Mentre le relazioni fondate sul munus sono inevitabilmente limitate al momento in cui avvengono, le relazioni fondate sul donum sono in grado di superare i limiti spazio-temporali che connotano la condizione umana e di creare legami tra le generazioni attraverso l’arte. Le opere d’arte, in tutte le loro forme – musica, pittura, scultura, architettura, letteratura – sono lasciti di bellezza e di armonia aggiunte dagli esseri umani alla bellezza e all’armonia originarie del mondo, arricchiti da ogni generazione e tramandati sotto forma di dono inevitabilmente gratuito alle generazioni successive, fino a quando la modernità ha trasformato l’arte da dono in merce, sottoponendola, come tutte le merci, alle regole della pubblicità, del prezzo, del profitto e della deperibilità.
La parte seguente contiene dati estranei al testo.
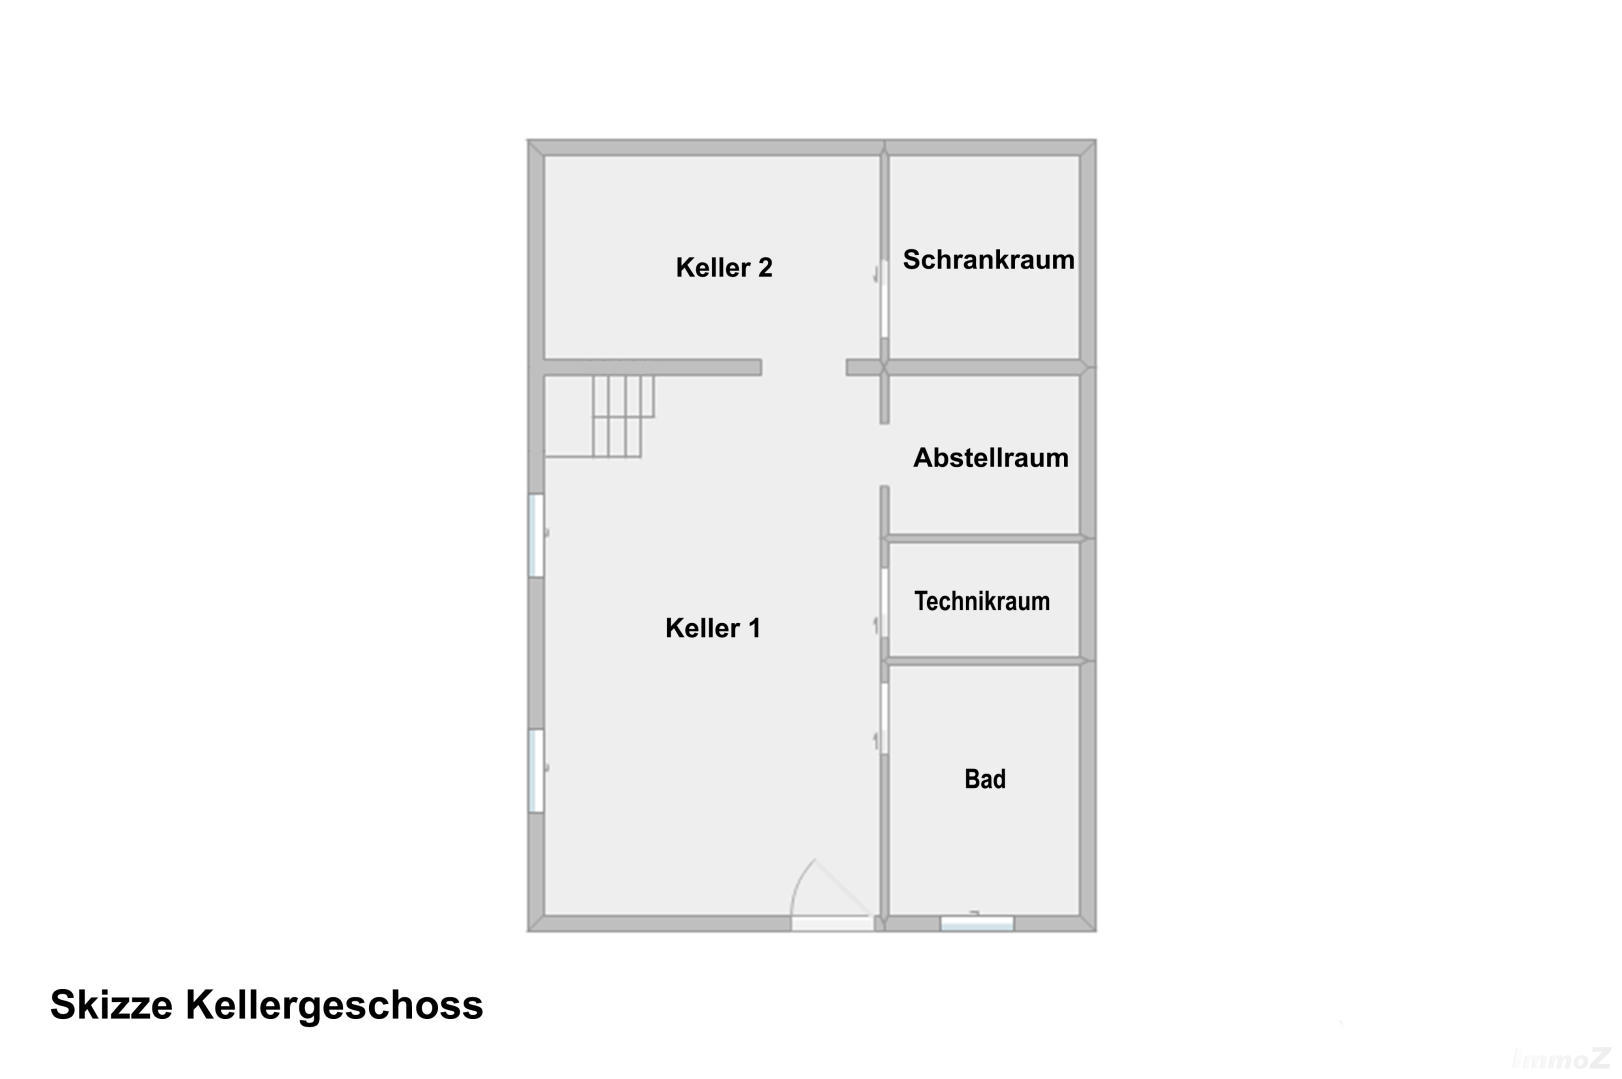 Haus zu kaufen: Kienersee ll, 2325 Velm - Grundriss KG

La spiritualità non coincide con la fede, ma ne è il presupposto. La fede è la manifestazione della spiritualità di chi crede in qualcosa che non è dimostrabile razionalmente. «Fede è sustanza di cose sperate / e argomento delle non parventi», ha scritto Dante nel canto XXII del Paradiso, ai versi 64-65. La spiritualità si manifesta anche senza la fede, ma senza spiritualità non c’è fede e la religione diventa un guscio vuoto, privo di vita. Oppure uno strumento di potere utilizzato per dominare e condizionare i comportamenti delle persone più deboli.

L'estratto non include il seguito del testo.